Weekend Watch: The Lord Of The Rings: The Rings Of Power, I Came By
Earlier tales of Middle-earth and some bad judgements
Image Credit: Amazon Studios
Welcome to the latest edition of Weekend Watch, in which I recommend (or occasionally warn against) movies or TV shows I’ve been checking out. This week, a journey back to Tolkien territory and Hugh Bonneville breaks bad. Follow James on Twitter: @jamwhite
There are gambles in television and then there’s Amazon spending seventy gajillion dollars to buy the rights to material from The Lord Of The Rings author JRR Tolkien’s estate, to produce this massive new series for Prime Video.
Yet despite the incredible outlay to secure the rights, the company has pumped even more money to produce the series itself, and it is pleasing to report that it all ended up on the screen: The Rings Of Power is an impressive testament to finding good source material and then allowing creative people the resources to make the most of it.
Set in the Second Age of Middle-earth (by comparison, Peter Jackson’s two trilogies take in the Third Age, thousands of years later), the story of different characters banding together to battle a terrible evil feels like a familiar one, albeit brought to life with an even more expansive scope in terms of storytelling. There is a lot more you can say in a TV series than even one of the director’s lengthy extended editions of his films.
As the series kicks off, Middle-earth is in a period of relative calm following a terrible period of war against the dark forces of Morgoth and his main lieutenant, Sauron. While Morgoth is defeated and imprisoned, Sauron goes into hiding and looks to spread his influence in craftier, more subversive ways. The name of this series is not by accident.

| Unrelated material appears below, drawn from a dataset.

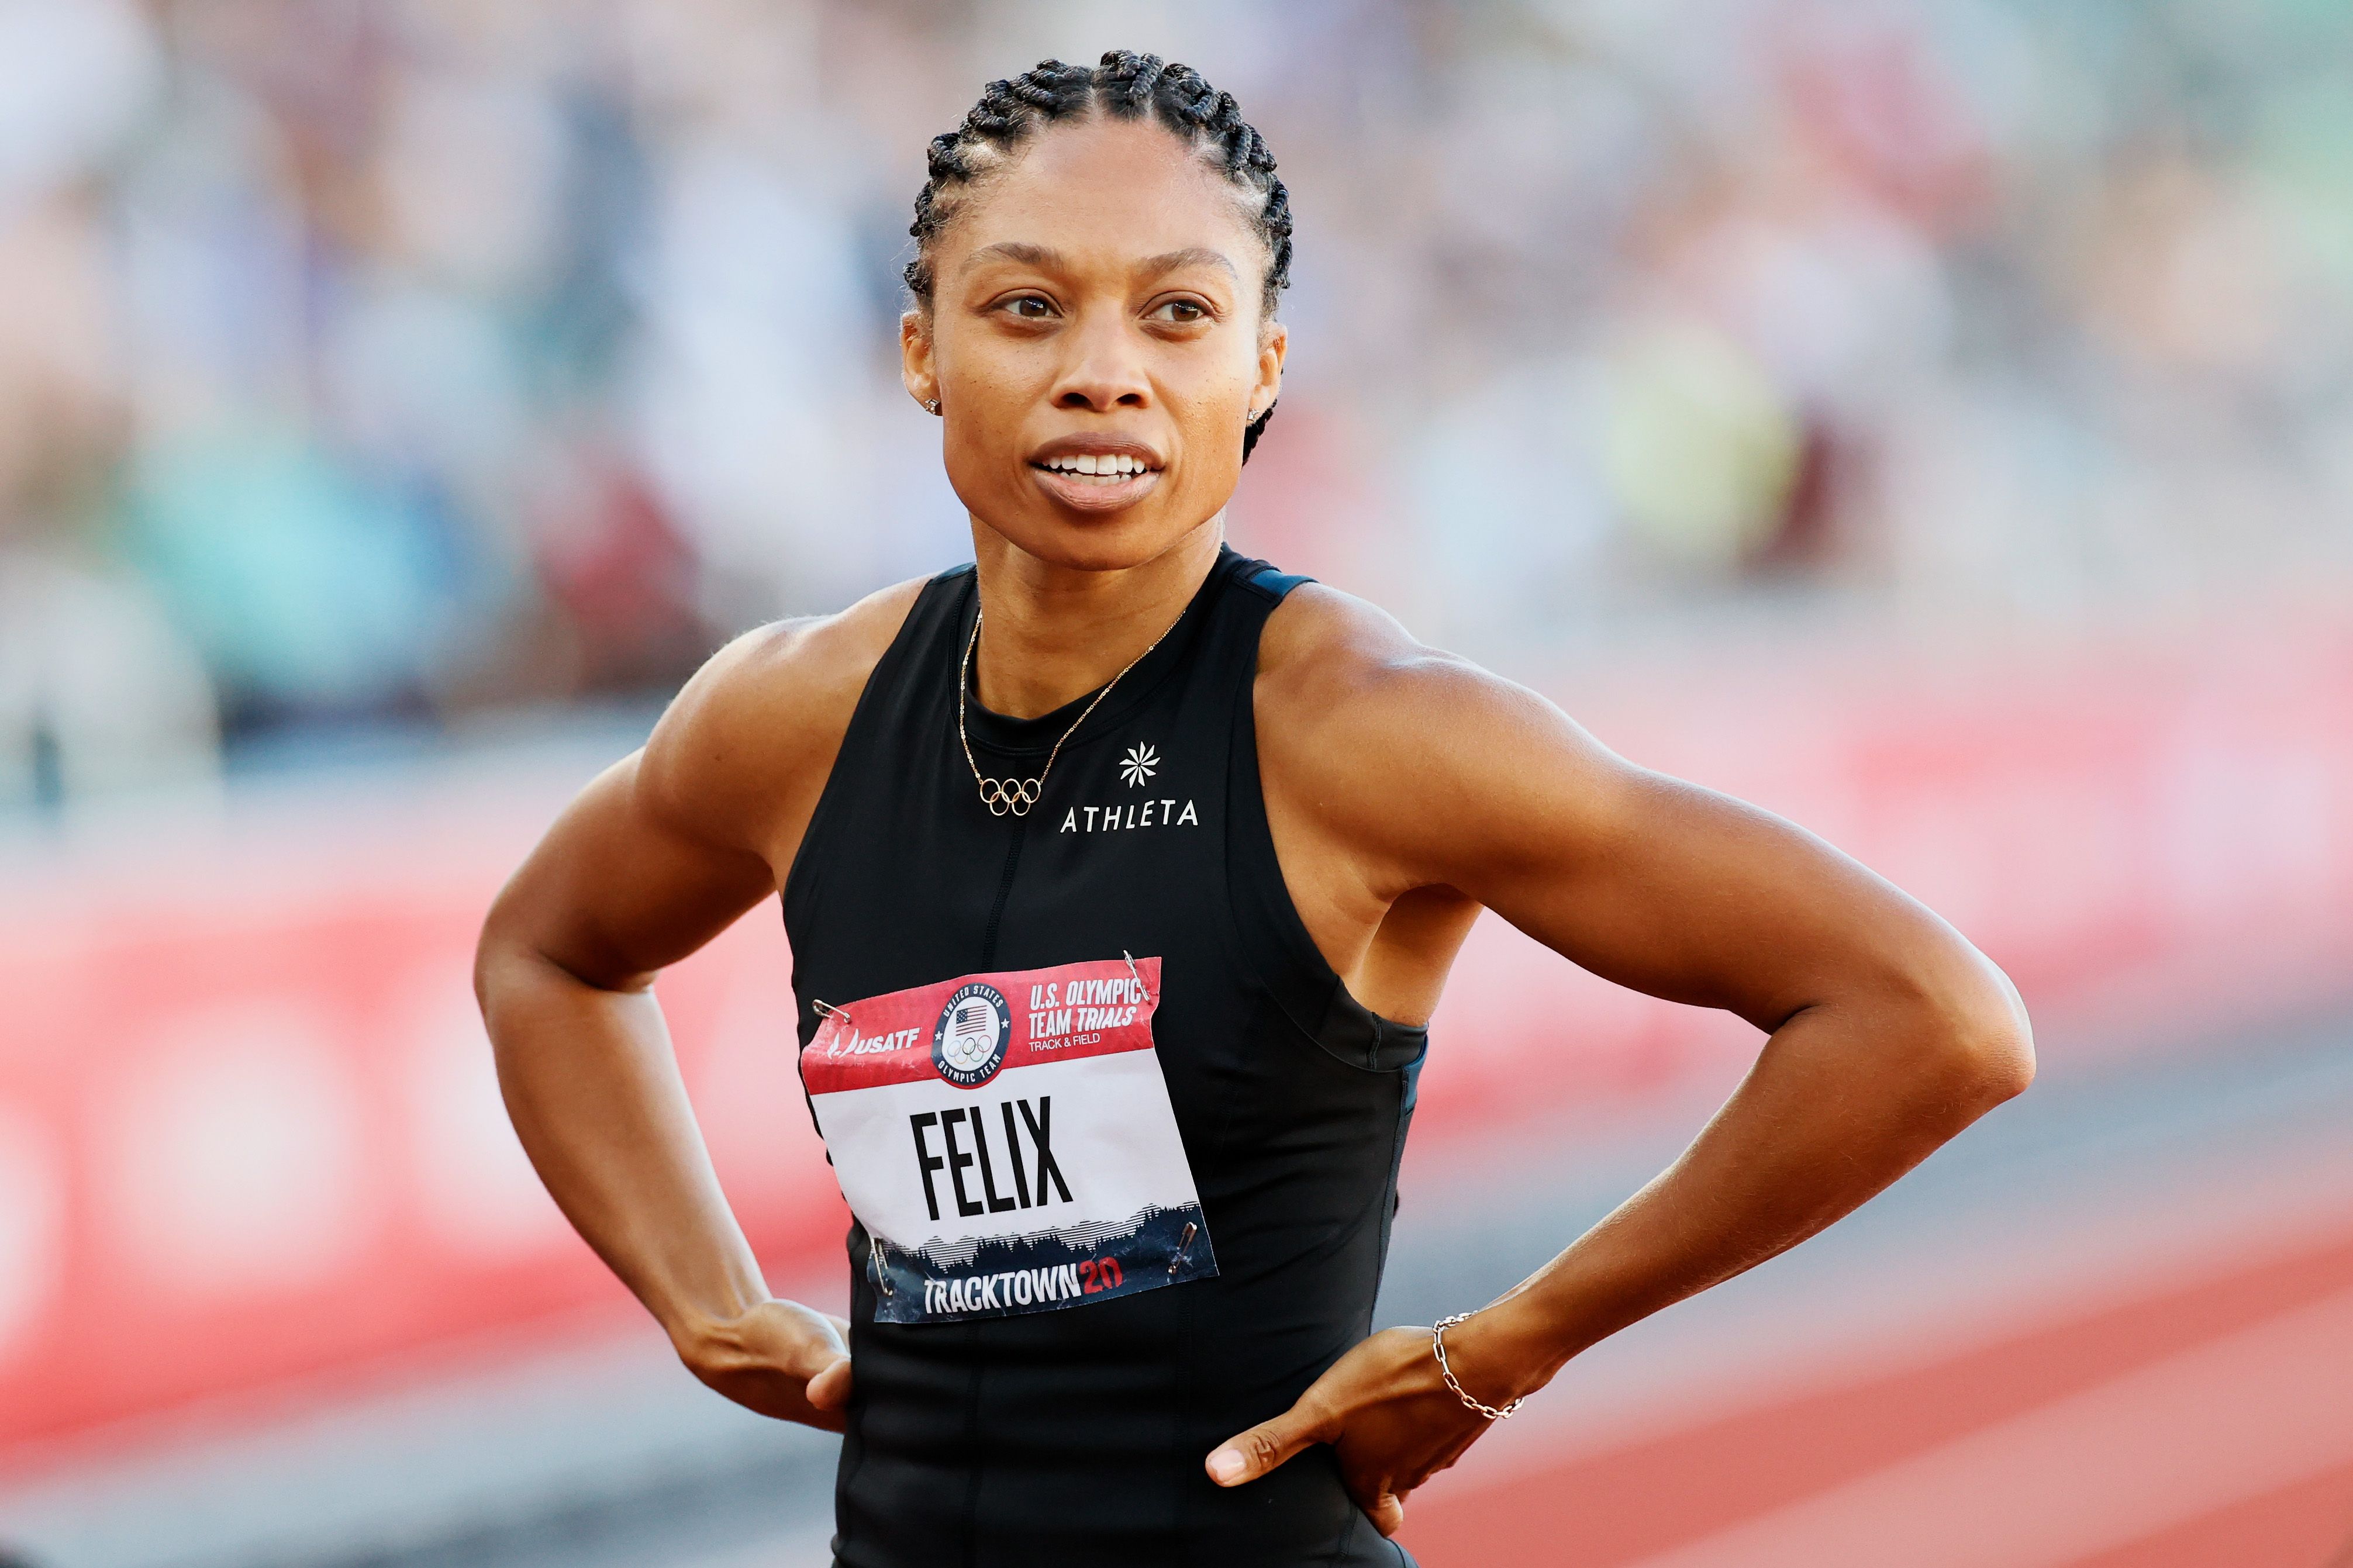 25 Most Famous Black Athletes in 2022

The narrative here is spread among different races but focused on specific characters from within those groups – particularly Morfydd Clark, who plays a younger version of Galadriel, as seen on big screens played by Cate Blanchett. In the cinema, she is a powerful, mysterious sorceress who aids the Fellowship in their mission to destroy the One Ring, but in Rings Of Power, she’s a driven elven warrior, convinced that Sauron will return. Dismissed and ordered to let it go, Galadriel aims to build an alliance with others to prepare for his machinations.

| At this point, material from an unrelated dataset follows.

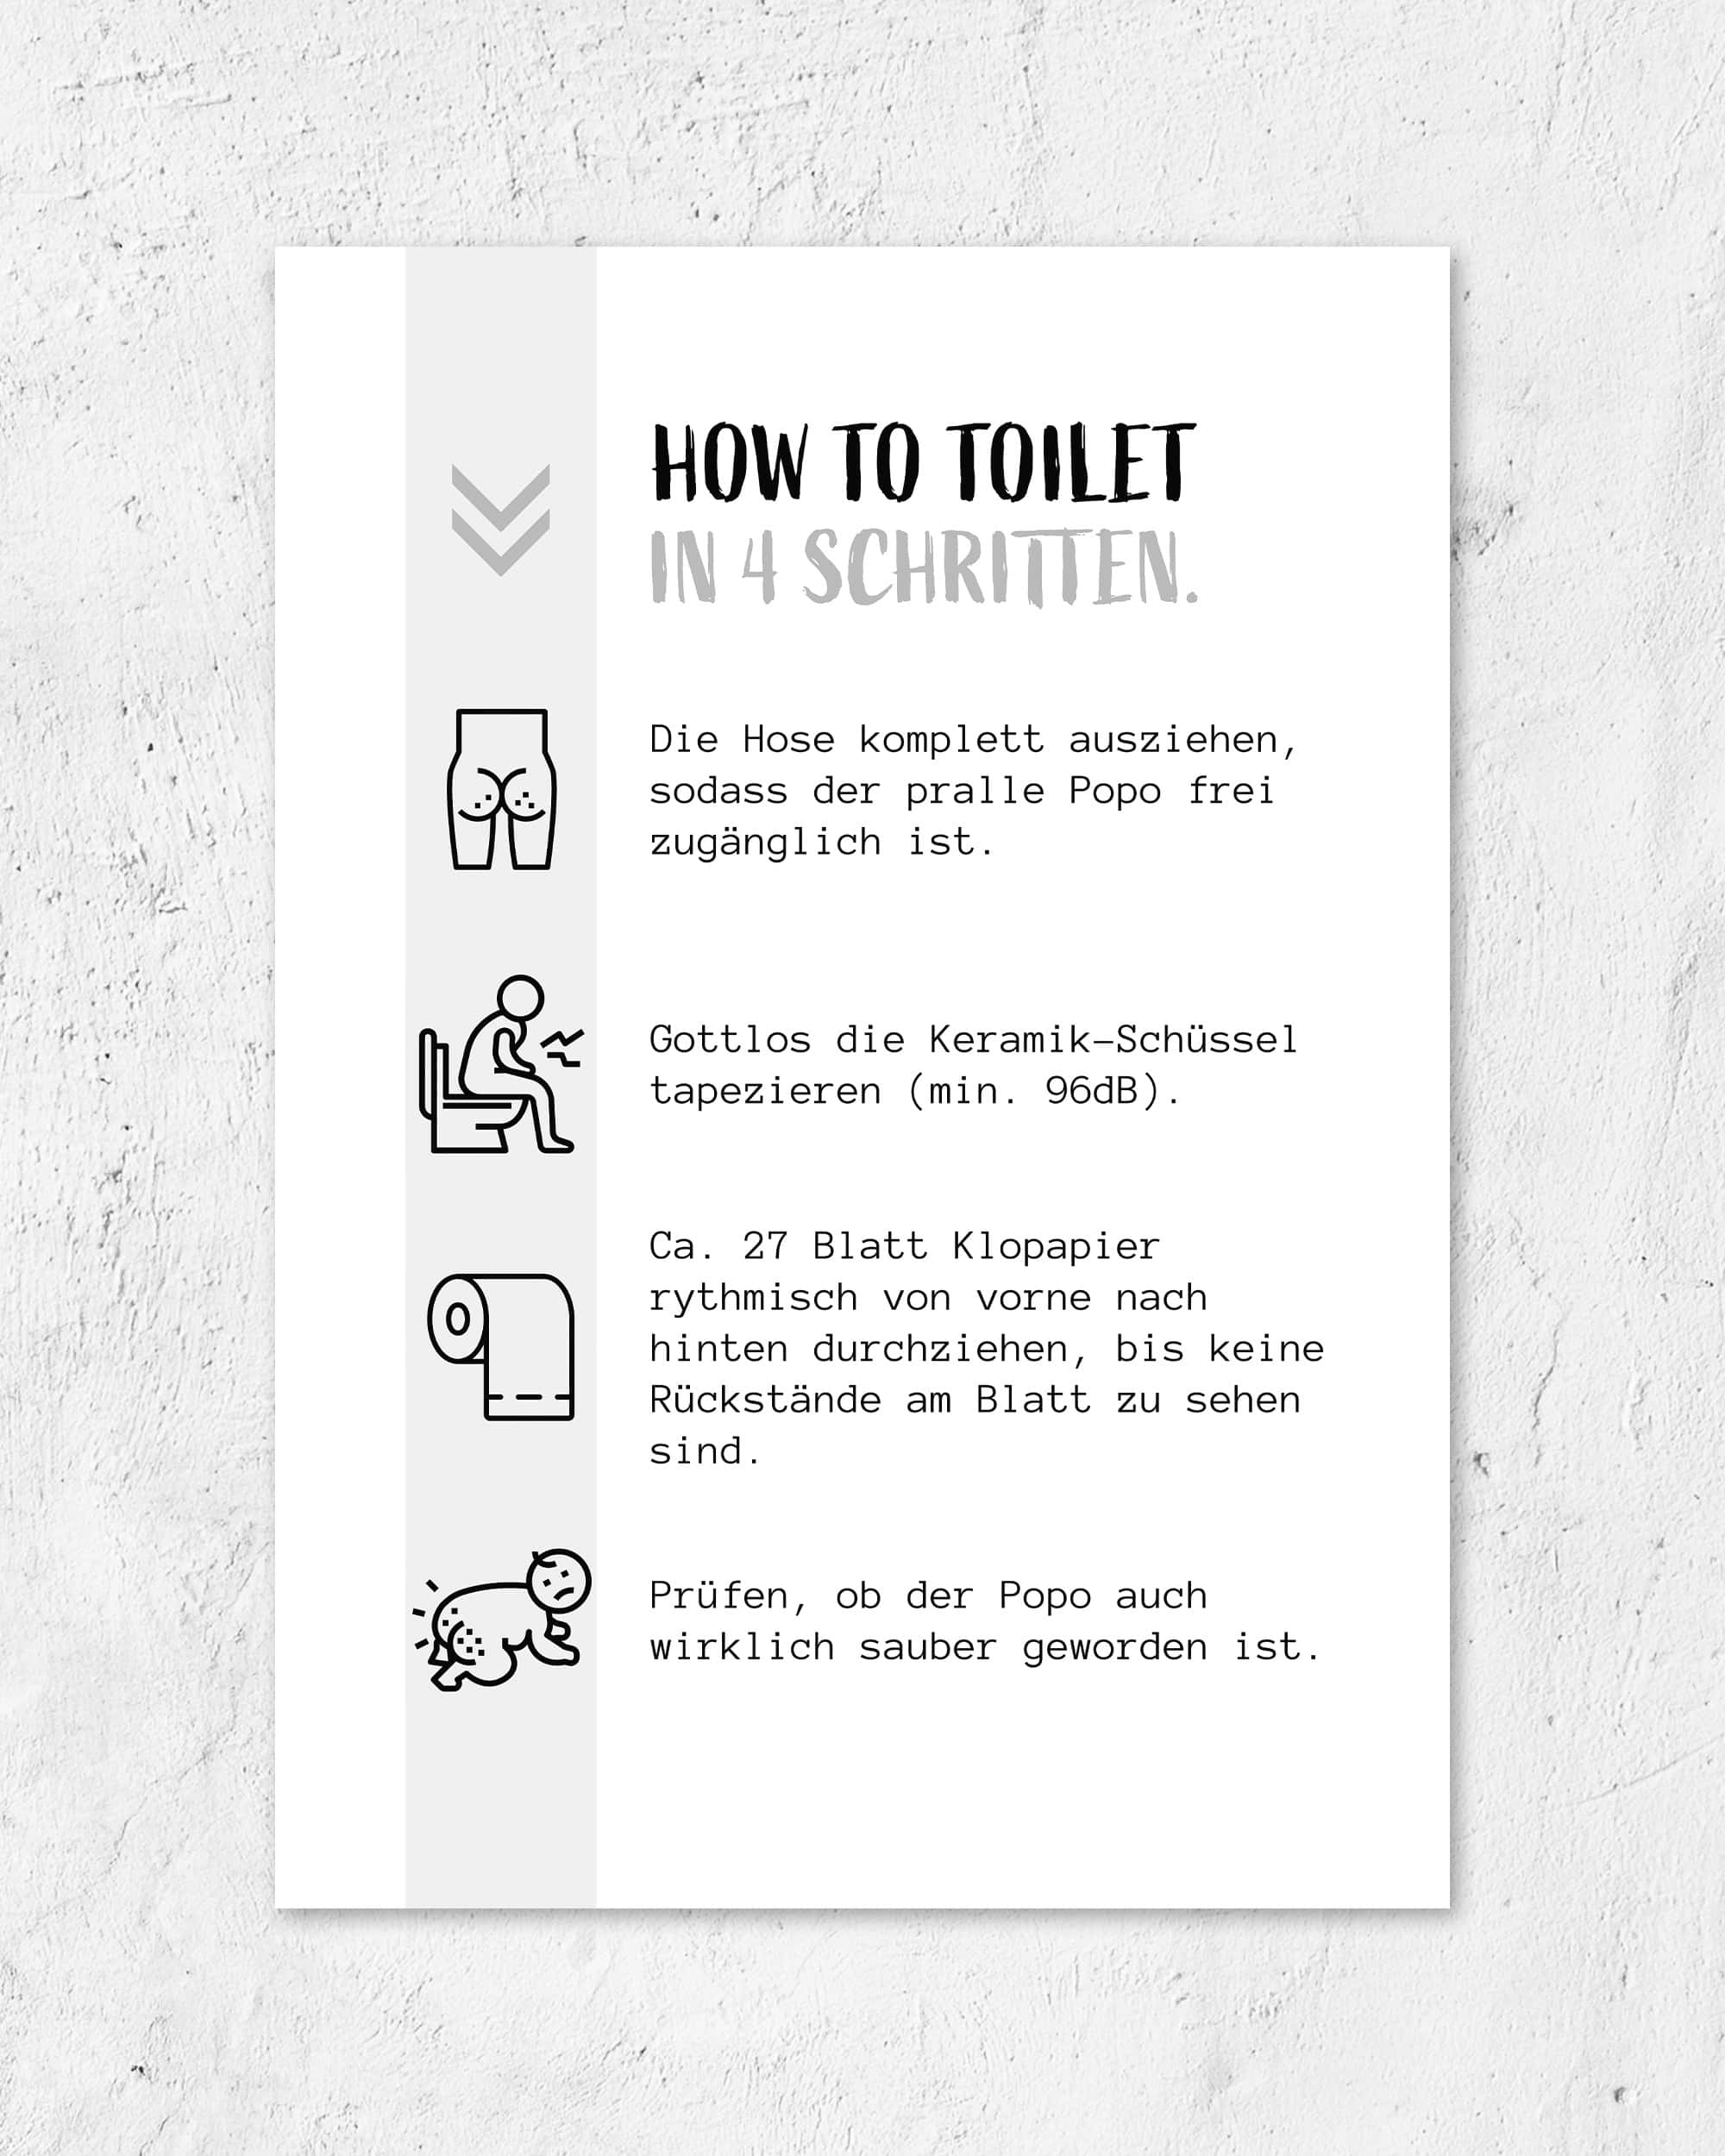 How to Toilet | 3-Type Poster

Galadriel is our main character, but show-runners JD Payne and Patrick McKay, along with their writing team and a directing side led by JA Bayona find ways to make the representatives of the dwarfs, men and Harfoots (a breed of Hobbits) all stand out in their own ways.
The Harfoots – including Lenny Henry’s wise Sadoc Burrows are particularly entertaining, expanding on what we know of Hobbit culture. And if the stories set among men are not yet as enthralling, there are definite signs that they’ll grow into something.

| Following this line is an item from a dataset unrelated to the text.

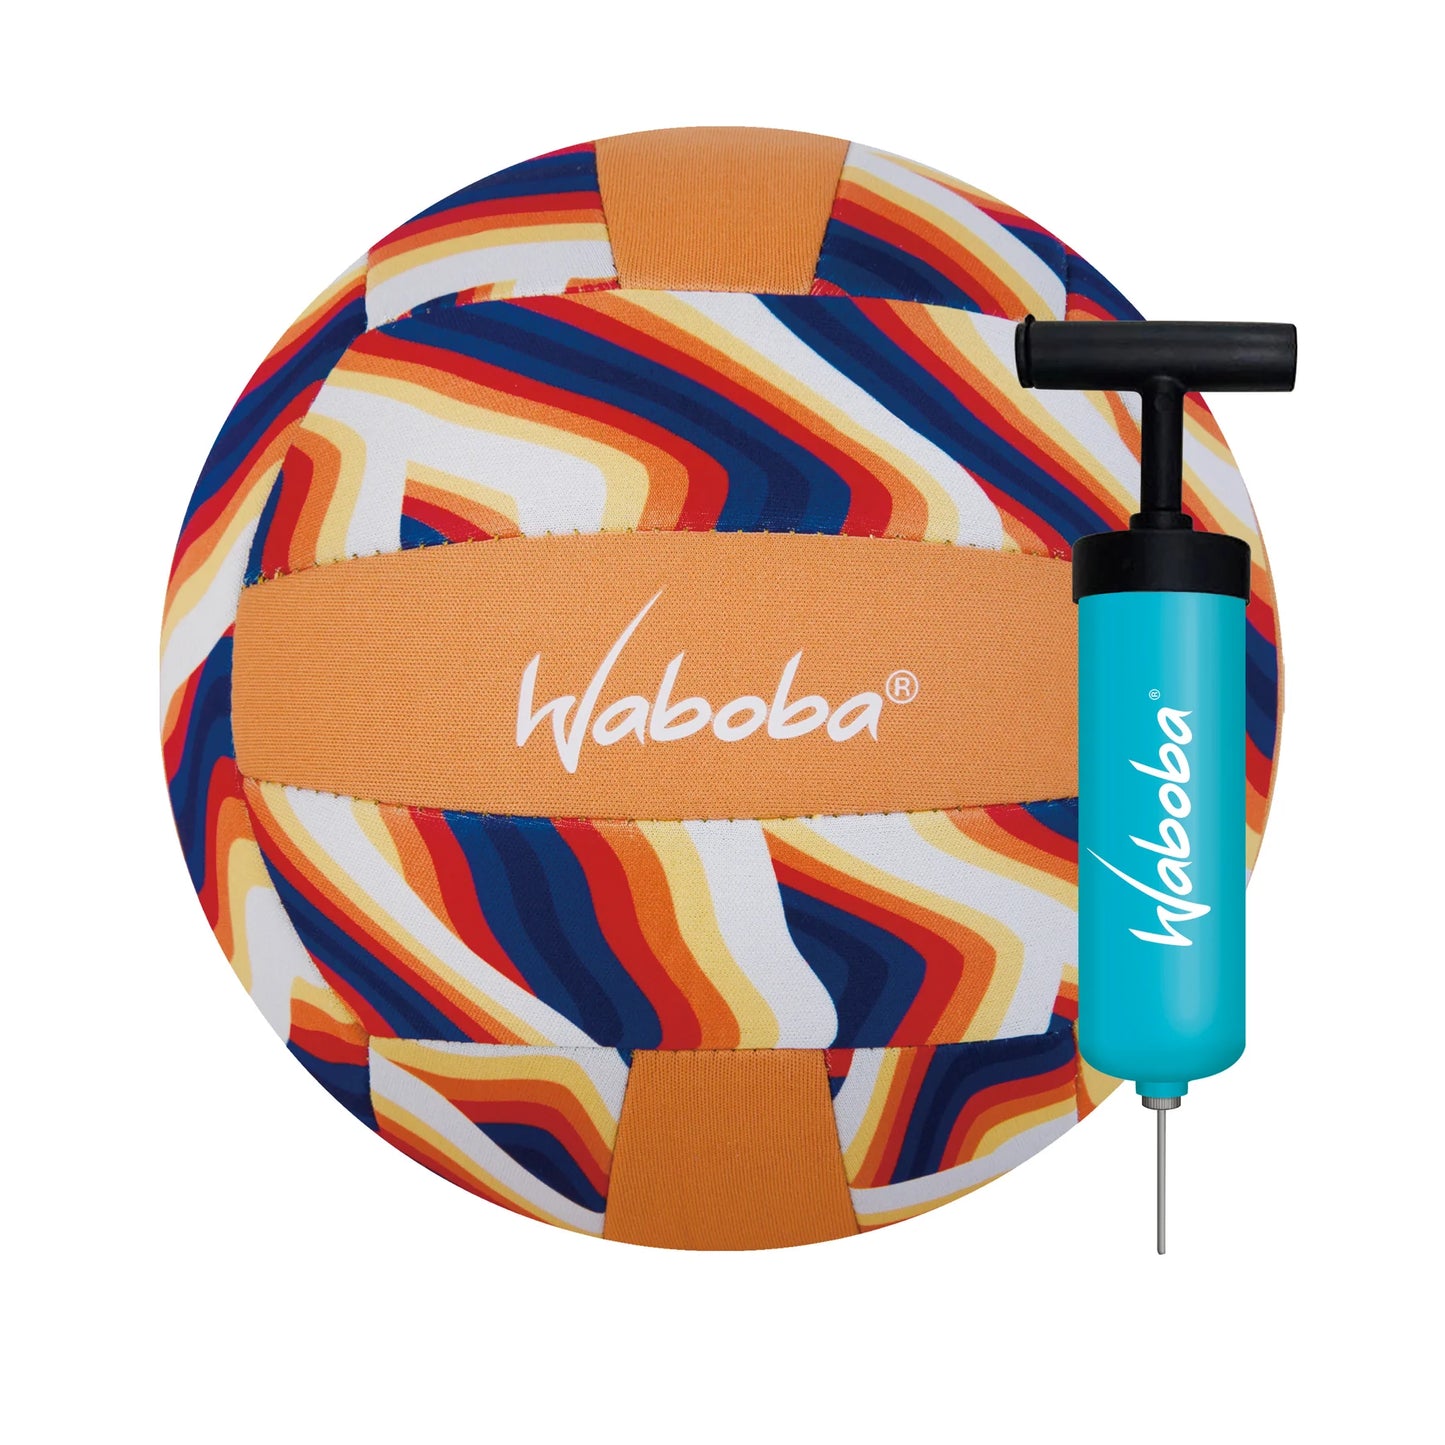 Waboba Beach Volley Ball with pump

The Rings Of Power faces two giant challenges but has advantages over both. Though it is a prequel to the better-known likes of the Jackson trilogies, and there is a risk that viewers won’t engage with the characters since several fates are already apparent, drawing from appendices and making key changes mean there is plenty of material to enjoy without knowing how it all works out.
Comparisons to the movies, meanwhile, are quickly brushed aside – as I mentioned in my intro, the budget for this show was gigantic and it shows. The location shooting (Season 1 was filmed in New Zealand, whereas the show has since relocated to the UK for the second), the healthy VFX fund and a pleasing amount of practical effects serve to make this of a piece with Peter Jackson’s work while still feeling like its own creation.
Of course, as the story expands beyond these initial episodes and we meet more characters that the show will have to juggle, it could all start to unravel. For now, though, it’s a show likely to please both fans of Tolkien’s work and those who only mostly know the movies.
The first two episodes of The Lord Of The Rings: The Rings Of Power are on Prime Video now. A new episode will debut weekly on Fridays. I’ve seen the first two of eight.
Image Credit: Netflix
If you’re used to seeing Hugh Bonneville in the cuddlier likes of the Paddington films and Downton Abbey, his role in the new Netflix thriller I Came By will be something of a shock.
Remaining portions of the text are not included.